His eyes met mine. “It keeps me up nights.”
I knew he was telling the truth. “Can’t save everyone.”
His answer was quick though not rehearsed. He was still pretty fired up. “I’m not trying to save everyone.”
“I thought success and failure sort of went with the collar. You know—win some, lose some.”
He chose his words. Spittle in the corner of his mouth. “I suppose I should probably thank you.”
“For?”
“Katie.”
“I didn’t give you Katie.
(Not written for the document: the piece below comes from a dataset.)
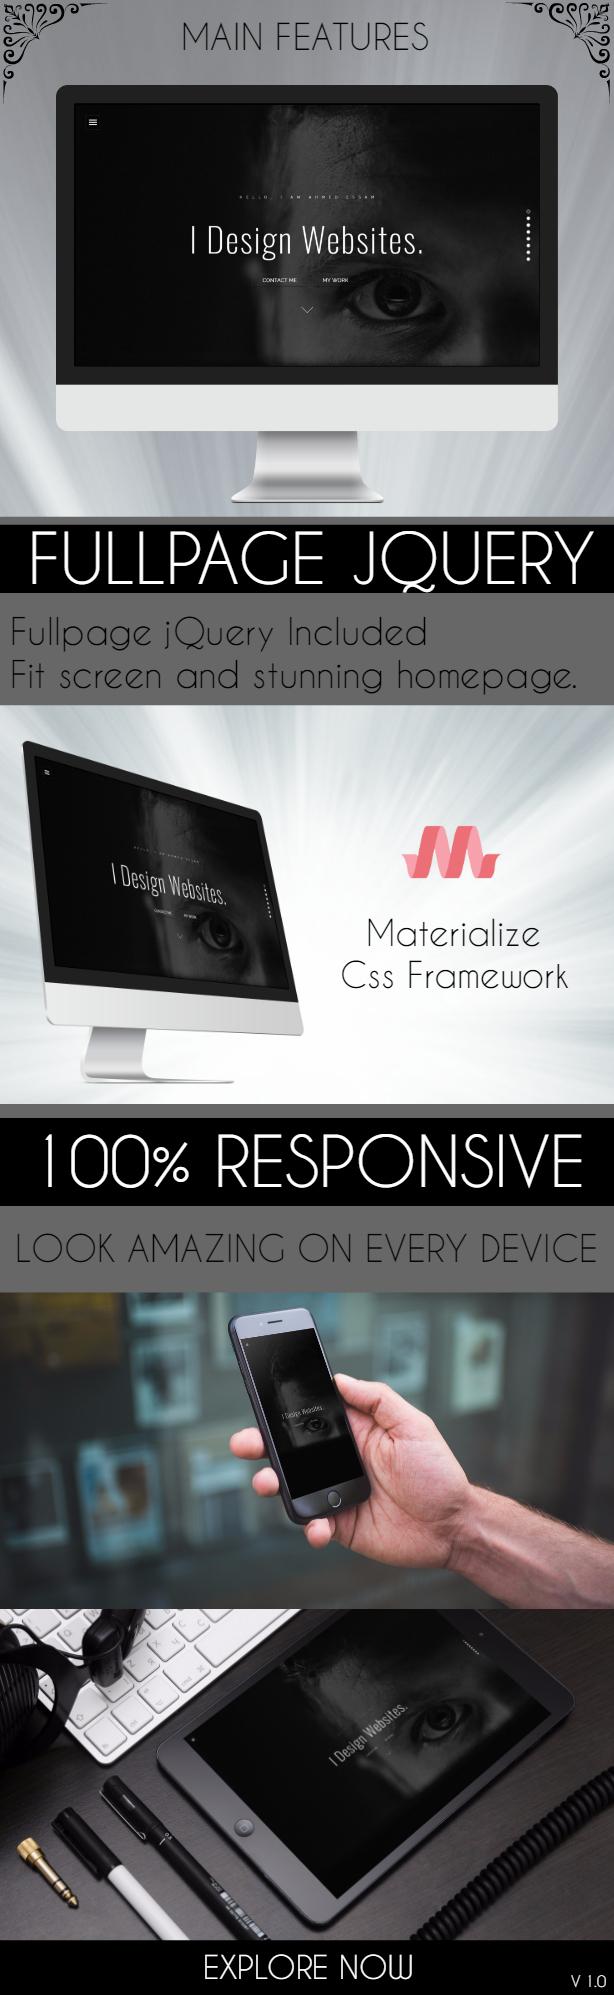 Eye-Look Personal Portfolio HTML5 Template - 1

Katie gave you Katie.”
He shrugged. “Maybe.” He pulled his pipe from inside his robe, packed and lit it, his cheeks pulling the air and drawing the flame. Smoke exited his mouth as he spoke. “There is still the matter of you.”
I said nothing.
Another draw. “Get dressed. We’re going for a ride.”
“You don’t want to fish?”
“I am fishing.”
It was bait. I didn’t bite. “Where’re we going?”
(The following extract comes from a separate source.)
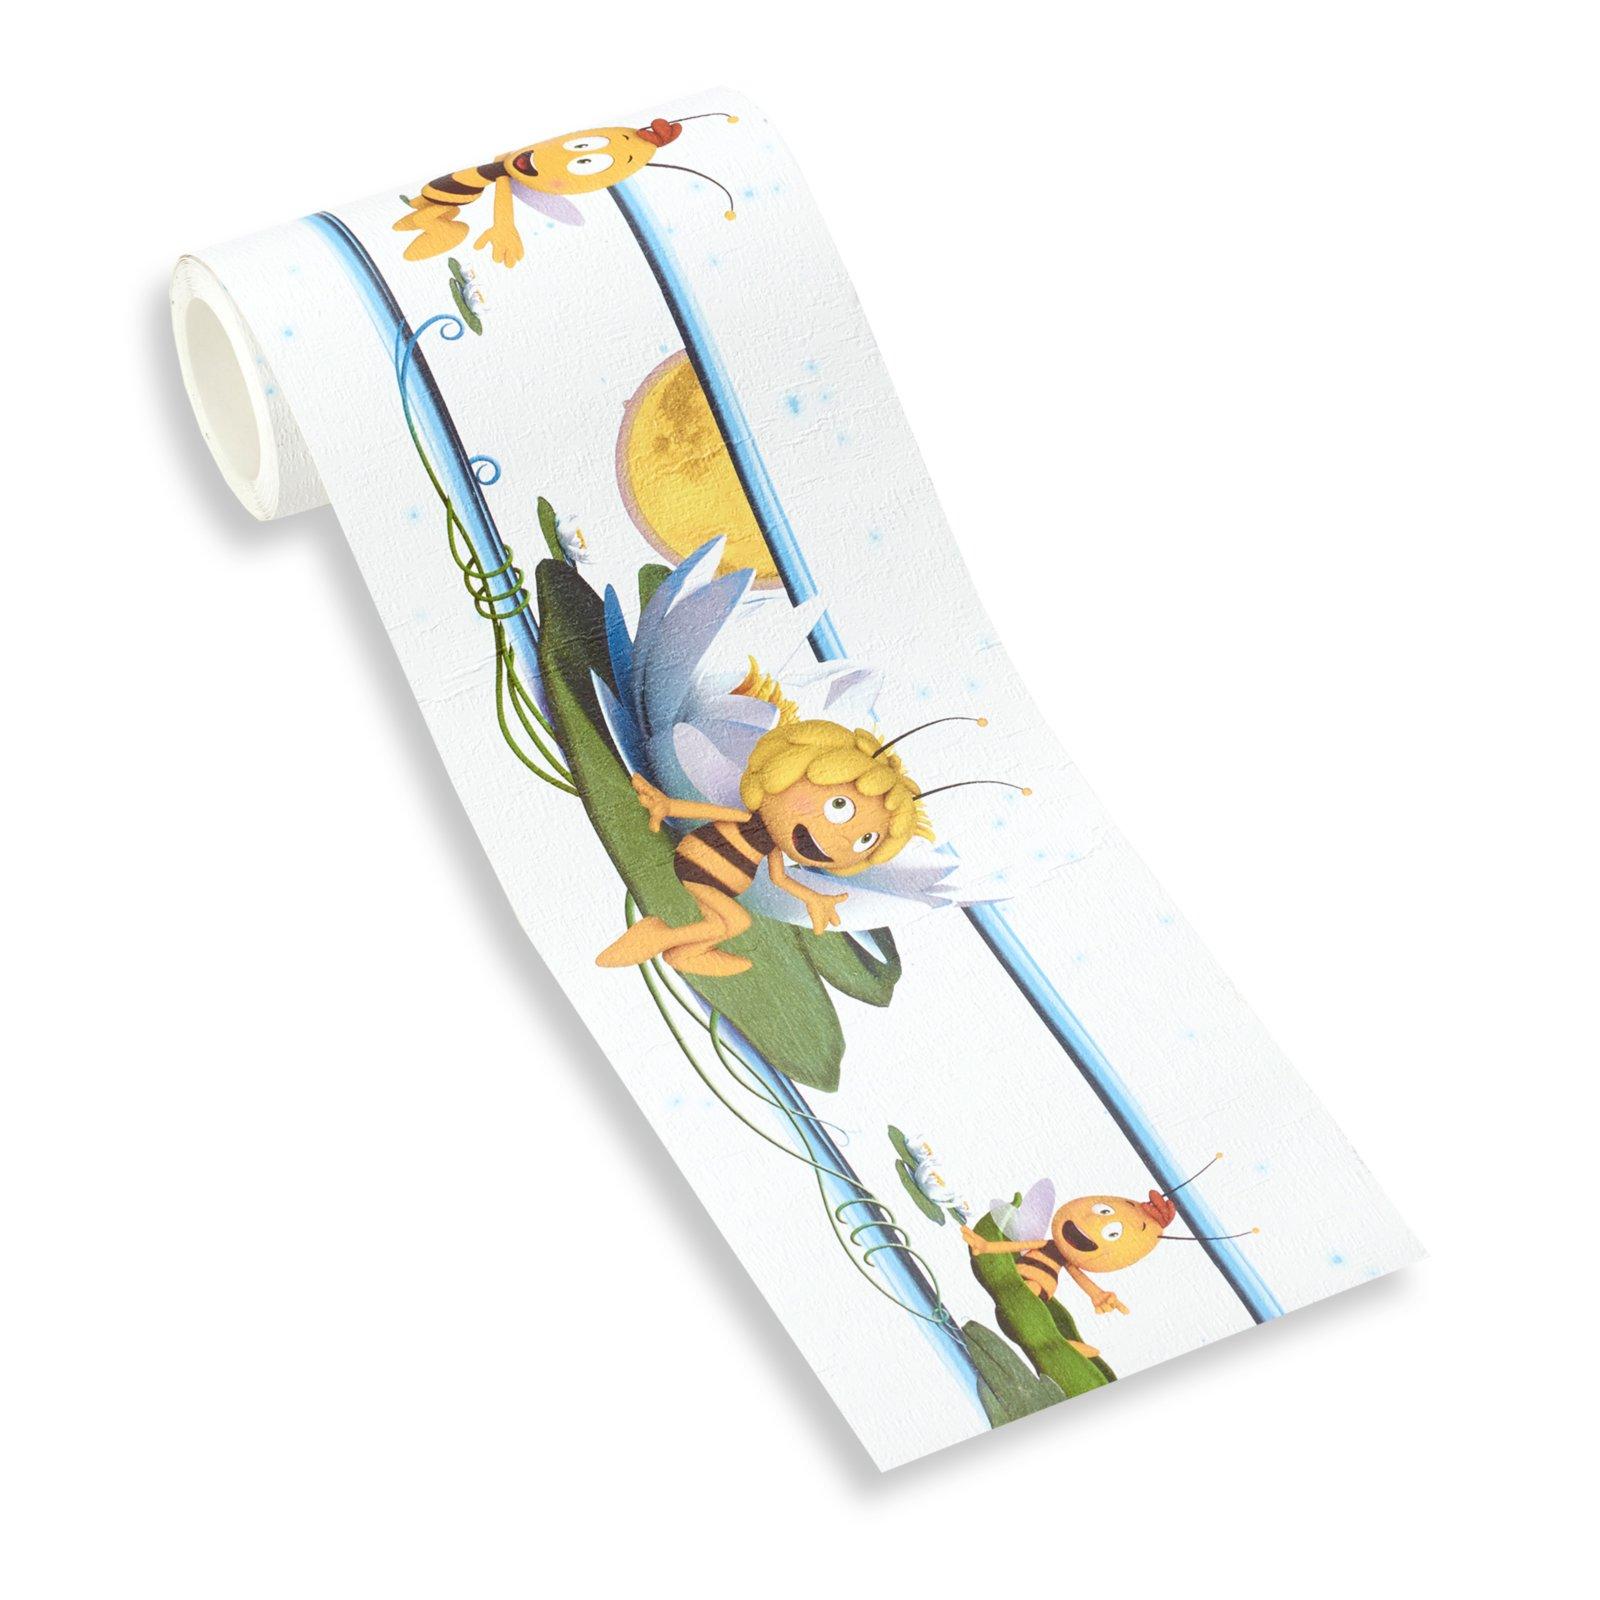 Papier-Borte BIENE MAJA - Kindertapete - 13 cm | Kindertapeten ...

He raised an eyebrow. “You grown particular?”
I showered, pulled on some jeans, a long-sleeved fishing shirt, rolled on some deodorant, and slid into my flip-flops. We putted back to Chokoloskee in his skiff, where the church van sat waiting. The tank indicator rested on full. It was never full.
An hour later, driving south on the Old Dixie Highway, he stopped at the toll plaza, paid the dollar fee, then drove up and over the Card Sound Bridge. It was my first time driving the entire span of the bridge. I’d been up it—just never down. I looked at the concrete patch in the railing. Dull, dirty, fading into the older stuff, but it was visible to the looking eye.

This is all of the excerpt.